Step $5$: The energy required to heat steam from $\text{100°C}$ to $\text{146°C}$ is calculated using the equation as follows:

$q=sm\Delta T$

Calculate the change in temperatureby using the equation as follows:

$\Delta T=T_{\text{final}}-T_{\text{initial}}$

By substituting the values in the above equation as follows:

$\begin{array}{c}\Delta T={\left(146-100\right)}^{\circ }\text{C}\\ ={46}^{\circ }\text{C}\end{array}$

The specific heat of steam is $\text{1}\text{.99}\text{J}/\text{g}{.}^{\circ }\text{C}$.

Substitute the required values in the equation as follows:

$\begin{array}{c}q=sm\Delta T\\ \text{ =1}\text{.99 }\frac{\text{J}}{\cancel{\text{g}}.°\cancel{\text{C}}}\times 866\cancel{\text{g}}\times \text{46}°\cancel{\text{C}}\\ =\text{7}\text{.927}\times {\text{10}}^{\text{4}}\cancel{\text{J}}\times \frac{\text{1kJ}}{\text{1000 }\cancel{\text{J}}}\\ \approx 79.3\text{ kJ}\\ \end{array}$

The total amount of energy needed is the sum of all energy changes calculated in the above steps.
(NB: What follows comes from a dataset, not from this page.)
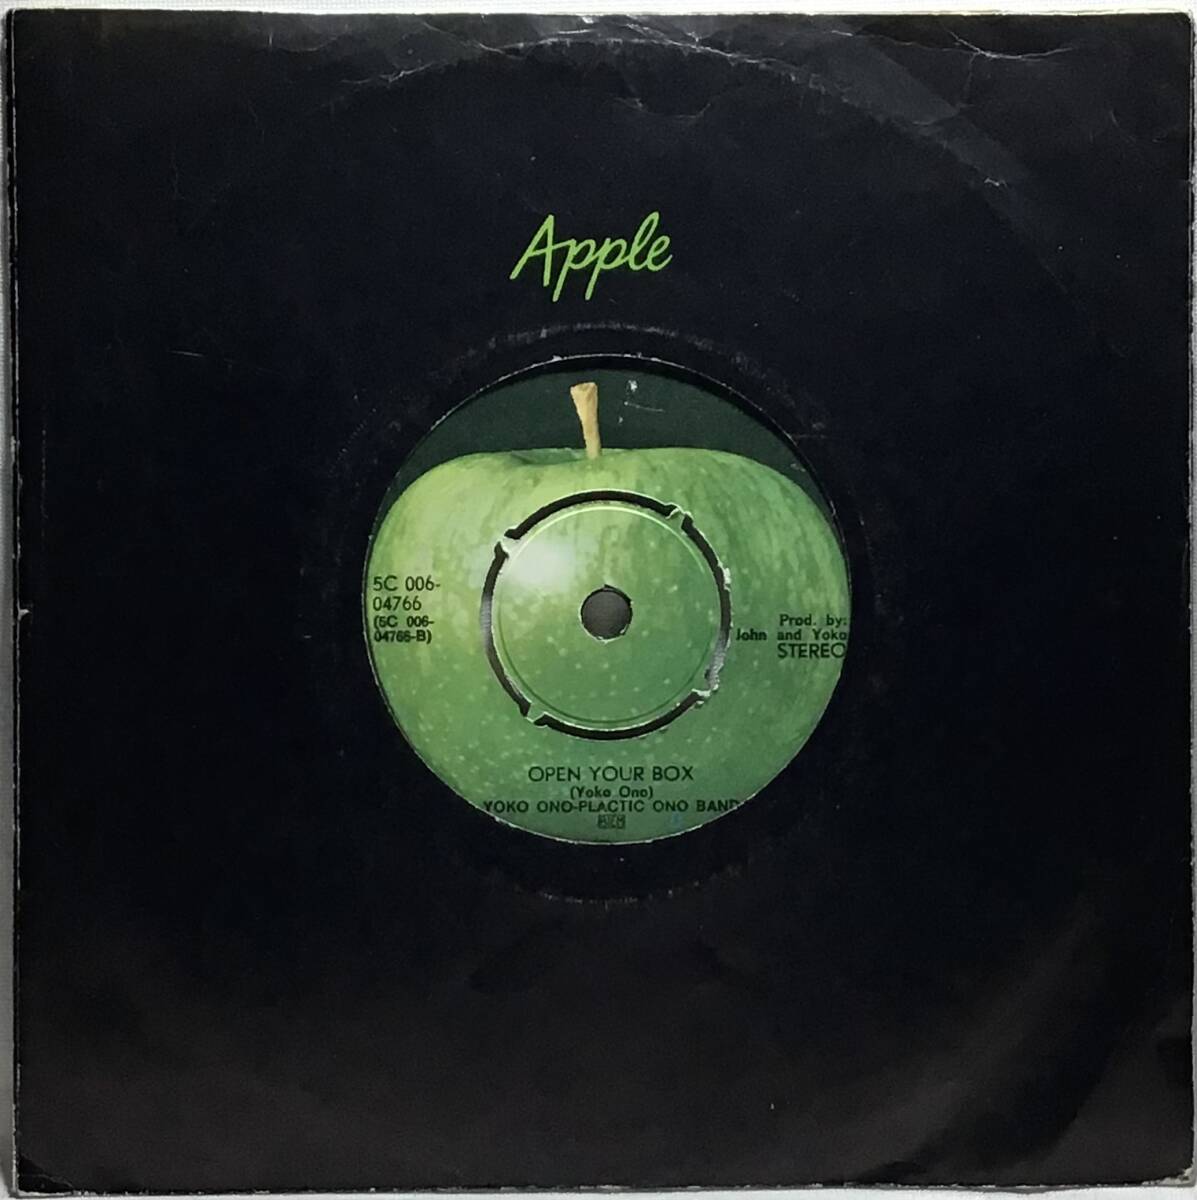 【蘭7】 JOHN LENNON - PLASTIC ONO BAND / POWER TO THE PEOPLE / OPEN YOUR BOX / 1971 オランダ盤 APPLE 7インチレコード EP 45 試聴済_画像2

It is calculated as follows:

$\begin{array}{c}\text{Total energy }=26.4\text{ kJ}+288.5\text{ kJ}+362.3\text{ kJ}+1960.4\text{ kJ}+79.3\text{ kJ}\\ =2716.9\text{ kJ}\\ =\text{2}\text{.72}\times {\text{10}}^{\text{3}}\text{kJ}\end{array}$

Conclusion

The amount of heat energy needed to convert 866g of ice at –15°Cto steam at $\text{146°C}$ is $\text{2}\text{.72}\times {\text{10}}^{\text{3}}\text{kJ}$.